Chapter 1
“Roux?”
Nothing.
“Roux?”
Still nothing.
“Roux!”
“Ssshh! I’m thinking!”
I glanced up from my lock and key to see my best friend, Roux, frowning at a tiny magnetic chessboard. “How long does it take to move one chess piece?” I asked her. “You’ve been sitting there for nearly an hour.”
“Did anyone ever ask Catherine the Great how long it took her to take over her husband’s army?” Roux asked, her eyes never leaving the board. “Or Elizabeth the First how long it took her to do … whatever she did? No. So sssshh.”
“But they were royalty. You—”
“I dare you to finish that sentence. Really. I dare you.”
I sighed and sat back in my desk, restless and ready to leave. We had been at an SAT prep class for most of the afternoon (Roux’s absentee parents had forced her to register because they read about it in New York magazine’s “What’s Right Right Now” issue while stuck on a plane to Milan; I enrolled because Roux threatened to end our friendship if I didn’t), but Roux was in no hurry to leave. We were in some lecture hall at NYU, where the one bright spot was the central air-conditioning. Manhattan had been engulfed in a late-August heat wave for nearly a week, and I was pretty sure that our prep class had a few stragglers that just wanted to escape the heat and had no interest in learning about analogies and test-taking secrets.
Roux was still bent over her chessboard, muttering to herself. Angelo, a family friend and pretty much my surrogate uncle, had taught Roux the rules of chess last spring, and they had been engaged in a summer-long game that seemed never ending. He refused to play online, though, which meant Roux had to keep the game going on her travel chess set.
“Roux seems to be quite good at scheming and masterminding,” Angelo had commented soon after their game started.
“And this surprises you how?” I replied.
“Touché.”
But Roux also had a soft, mushy side, and she was one of the most trustworthy people I knew. “You’re like a Cad-bury egg,” I had once tried to explain to her. “You’ve got this hard shell, but inside you’re all sweet and mushy and gooey.”
She waited a few seconds before socking me in the shoulder.
“Ow!”
“Can a Cadbury egg do that? That’s what I thought.”
Despite her prickly personality, we’d been friends from the moment we met last year. And she was one of only two people who knew my most secret of secrets, that Angelo, my parents, and I all worked as spies for a secret organization known as the Collective.
I guess you could describe the Collective as a sort of rogue, secretive Robin Hood organization. We try to right wrongs, return money to retirement accounts, expose the bad guys for who they are without ever revealing ourselves. This time last year, I was in Reykjavík with my parents, exposing a human trafficking ring. We’ve been all over the world, but after a near disaster last fall, we now call Manhattan home.
At least for now.
“Wait a minute,” Roux said, sitting up straight with an evil grin spreading across her face. “Waaaait a minute. Oh, you’re dead, Angelo. God save the queen because here she comes.” She expertly moved one of her pieces, keeping one finger on top of the figure until she was sure, then let go with a triumphant cry.

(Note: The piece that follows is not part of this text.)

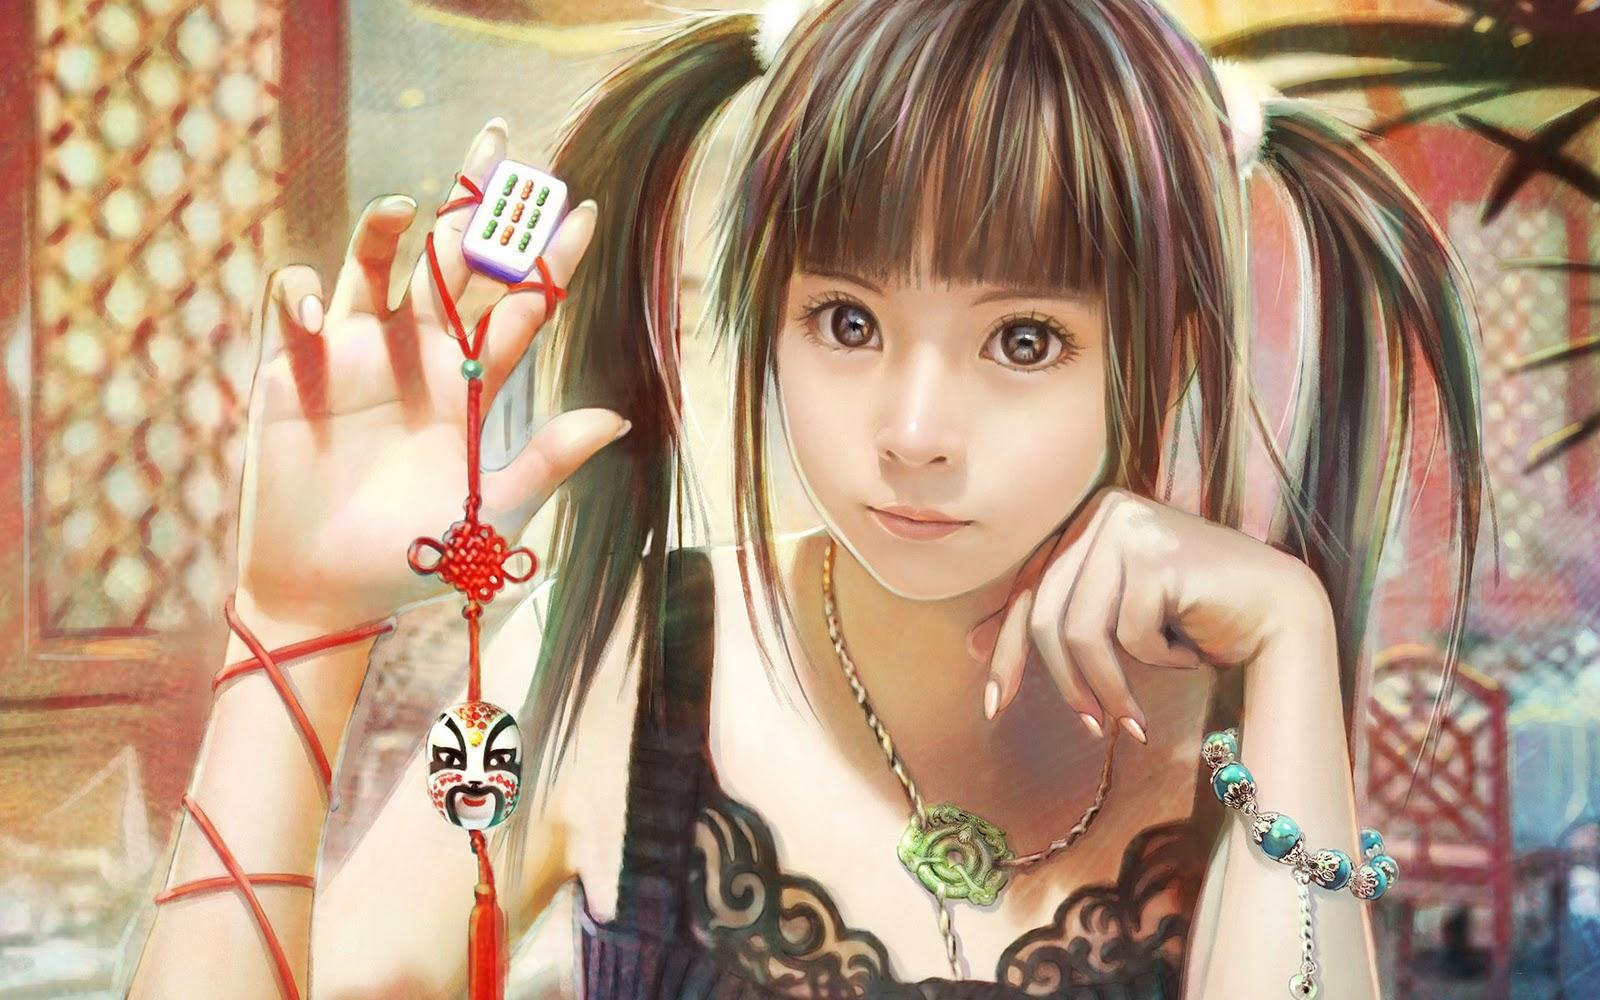 Amazing cg art girls wallpapers - 3d anime wallpaper ...

“He’s going to weep when he sees that genius move I just made!” she crowed. “You can tell him I said that.”
“Can’t wait,” I said. “Can we go now?” I gestured toward the lock in front of me. It was complicated, and I had made exactly zero progress on trying to pick it. “This is frustrating me and I want to throw it out the window.”

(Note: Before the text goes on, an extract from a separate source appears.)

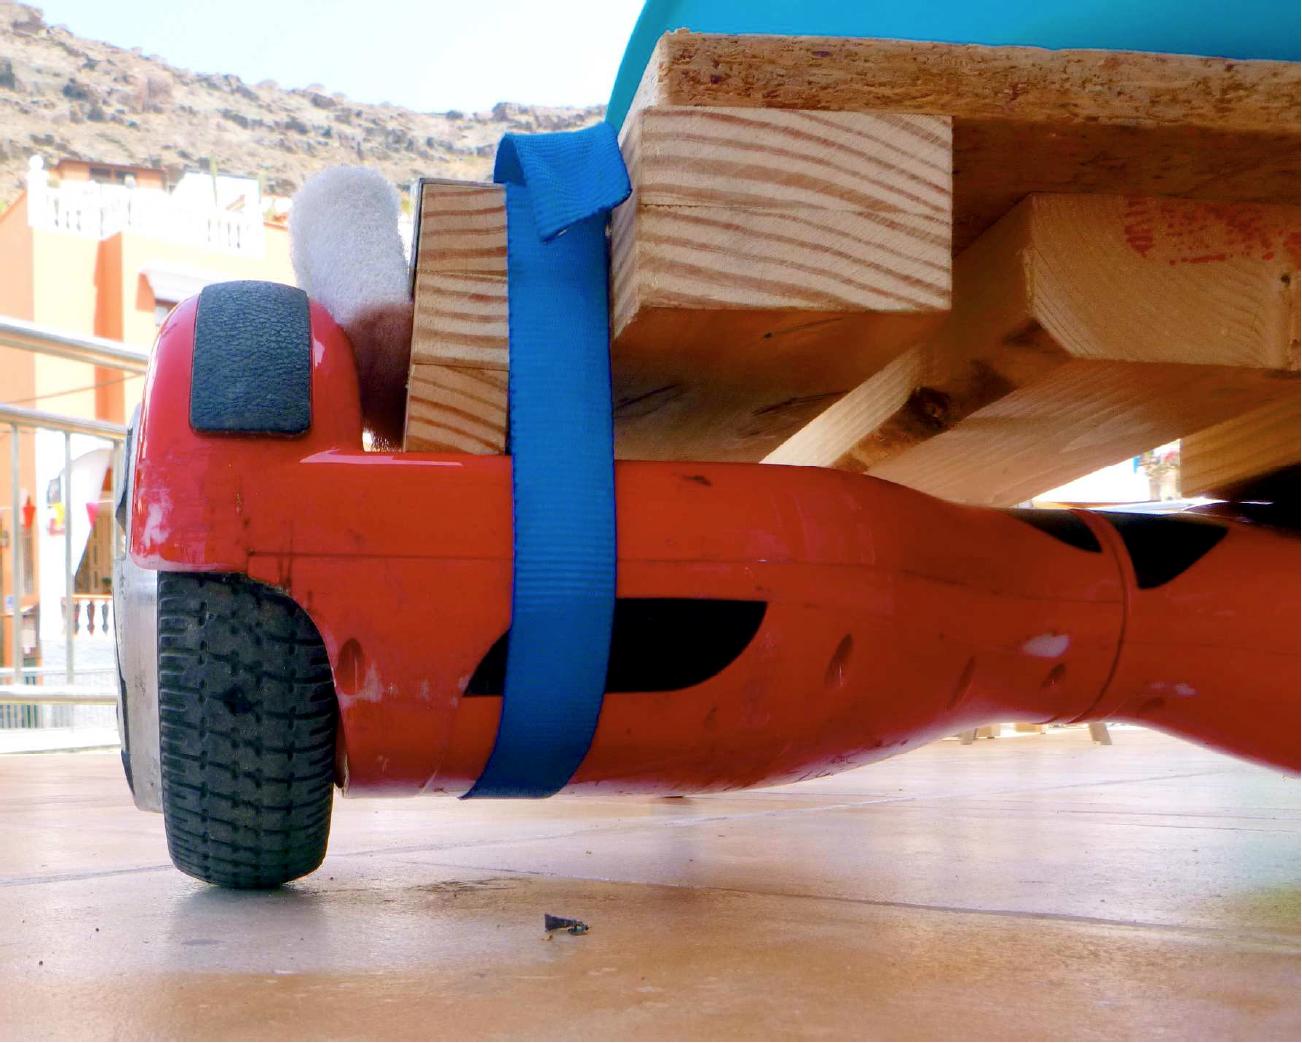 anleitung seifenkiste mit hoverboard antrieb make. Black Bedroom Furniture Sets. Home Design Ideas

Roux peered down at the monstrosity. “What the hell is that?”
I sighed. “Annoying locks are annoying. I can’t crack it at all, but Angelo told me that I had to try and figure it out while he was gone.”
“He’s so irritating that way.” Roux nodded in sympathy. “When’s he coming back?”
“Dunno.” I flicked at the lock with my fingernail, but it refused to unlock itself. “He’s been gone almost two months, though. Too long.”
“I know, right? Do you know what it’s like to have to play travel chess with someone out of the country?” Roux sighed in what I’m sure she thought was solidarity. “But c’mon, you’re the best lock picker and safecracker that I know. You can do it. Rah, rah, rah and oh, screw it. I can’t fake enthusiasm in this heat. I need to save my energy.”
I glanced at her. “How many safecrackers do you know?”
She shrugged. “Hundreds, for all I know. You spies are a sneaky bunch.”
She had a point.
“C’mon, let’s go,” I said. “I’ll try to figure this out later.”
“So where is our assassin friend, anyway?” Roux asked as we got our bags together.
“For the millionth time,” I said with a sigh, “Angelo is not an assassin. He handles documents and currency. End of.”
“Suuuure he’s not an assassin,” Roux said. “You just can’t tell me because you’d be compromising my safety.” She gave me a huge, exaggerated wink and then nudged me in the ribs. “I get it.”
But I was telling her the truth about Angelo. He wasn’t an assassin; he handled the paper trail: phony passports and birth certificates, drivers’ licenses, and Social Security cards. Whatever documents my family needed, he provided.